Description of the task
All of the data below should be printed again word for word, pictures excluded.

The data

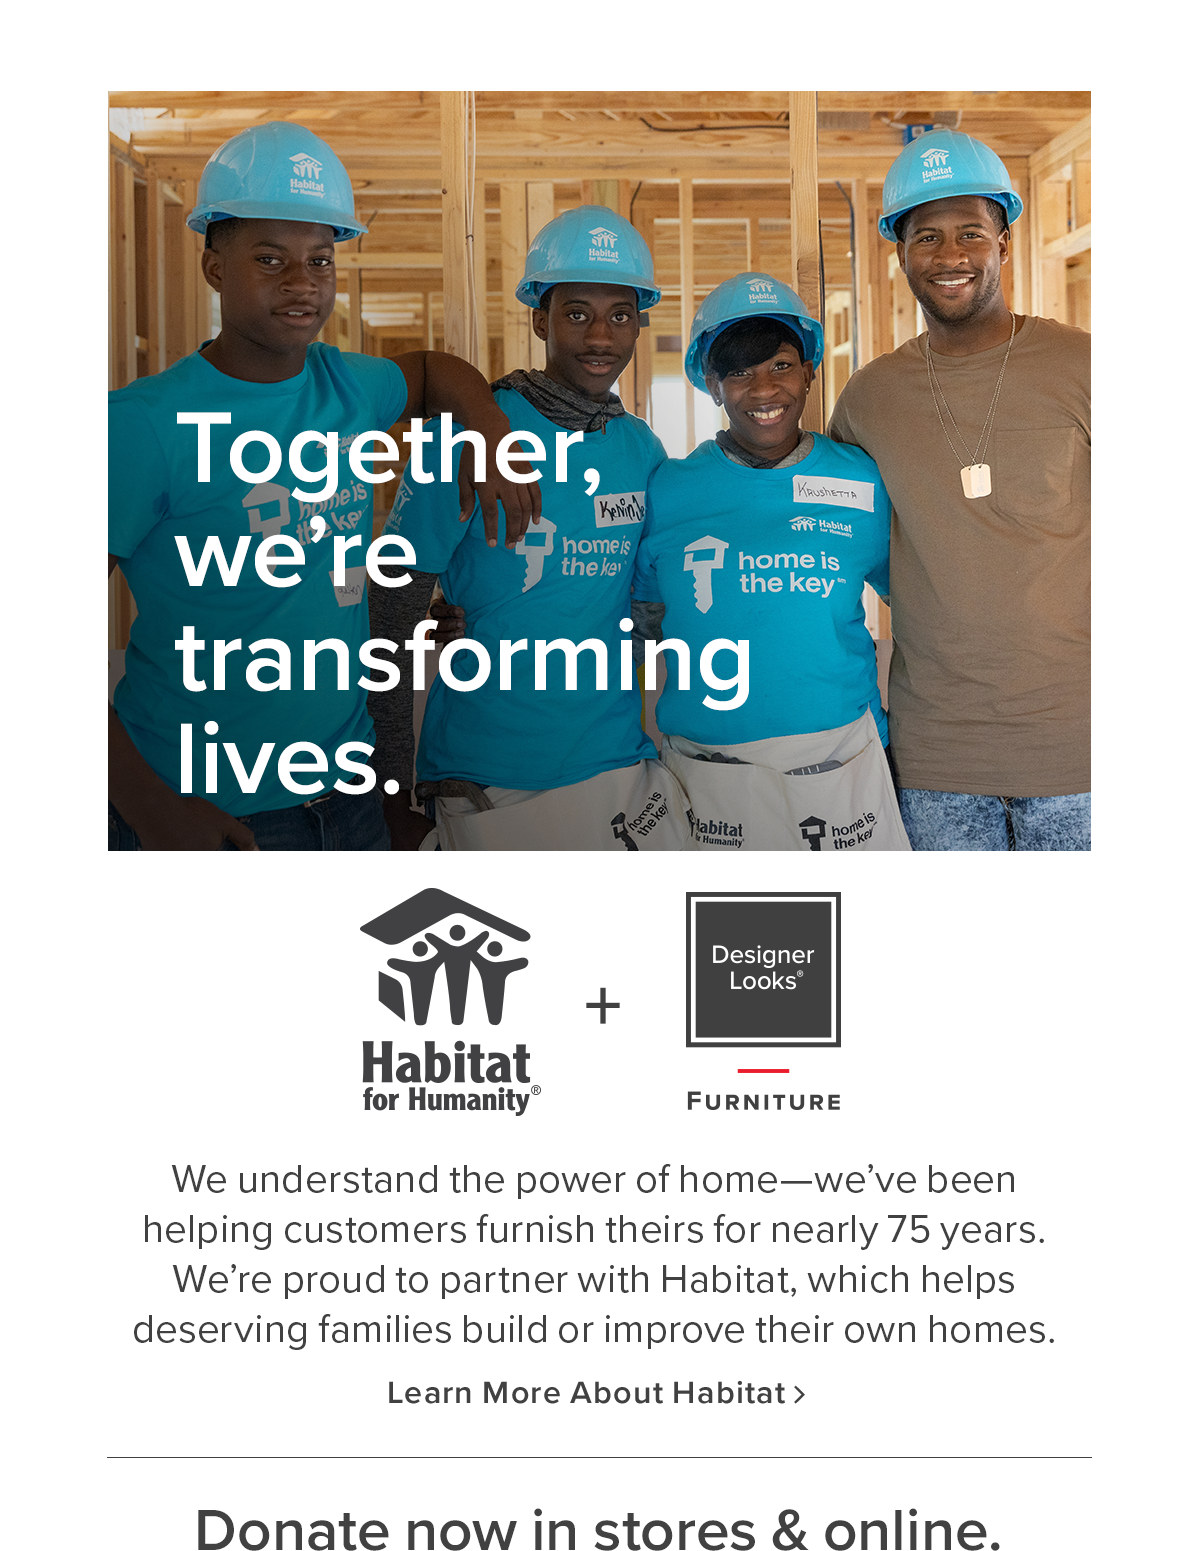 Together, we're transforming lives. | Learn more about Habitat for Humanity
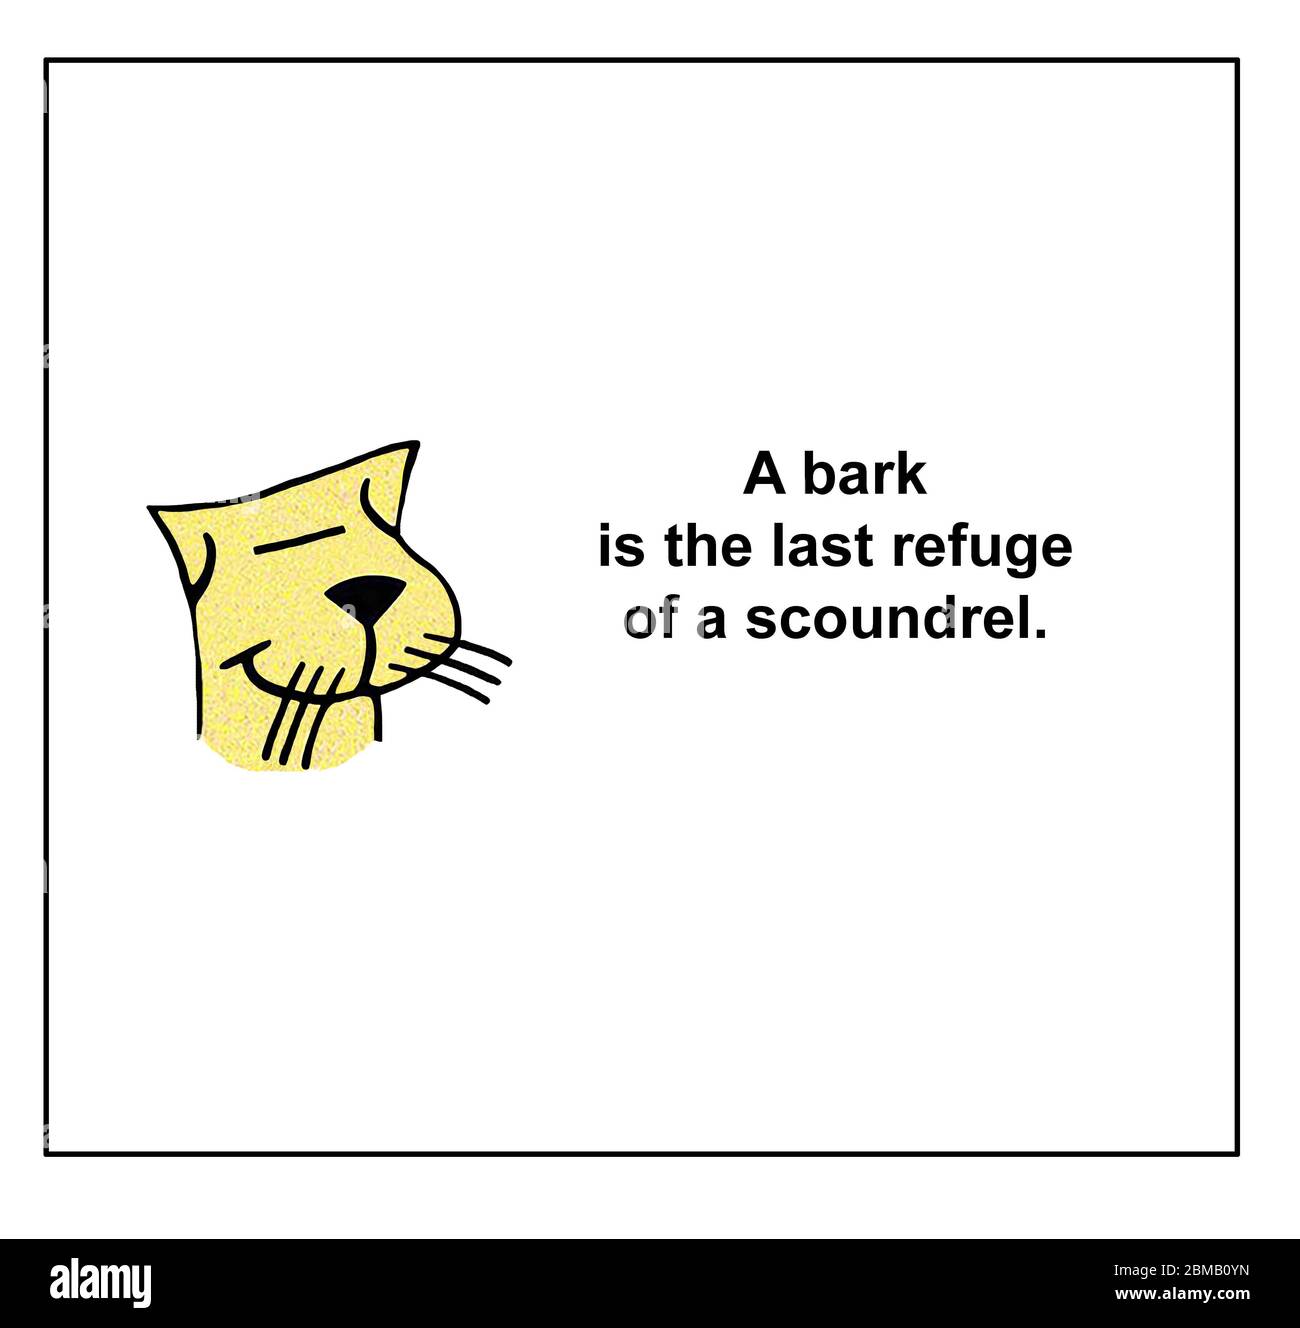 Color cartoon of smiling cat stating that a bark is the last refuge of a scoundrel. Stock Photo
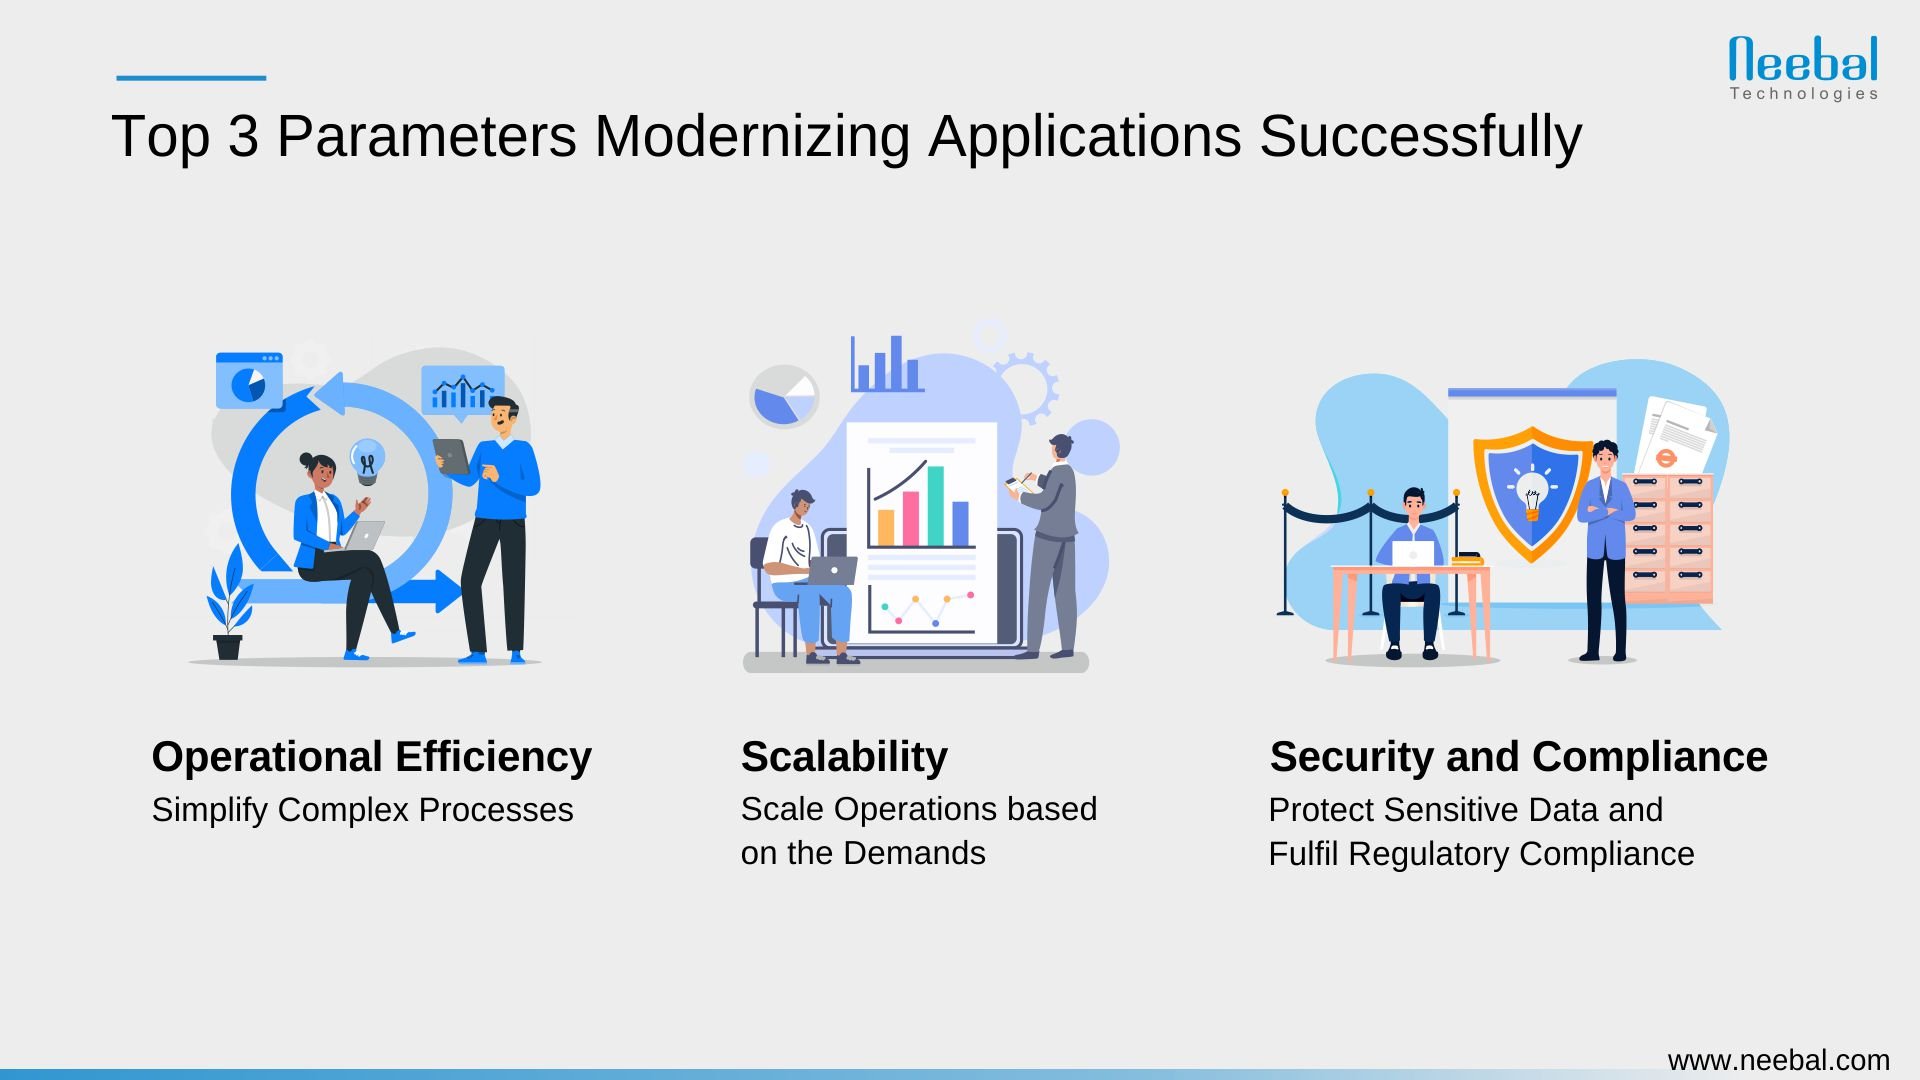 Top 3 Parameters Modernizing Applications Successfully

Exercise solution
 Together, we're transforming lives. | Learn more about Habitat for Humanity
 Color cartoon of smiling cat stating that a bark is the last refuge of a scoundrel. Stock Photo
 Top 3 Parameters Modernizing Applications Successfully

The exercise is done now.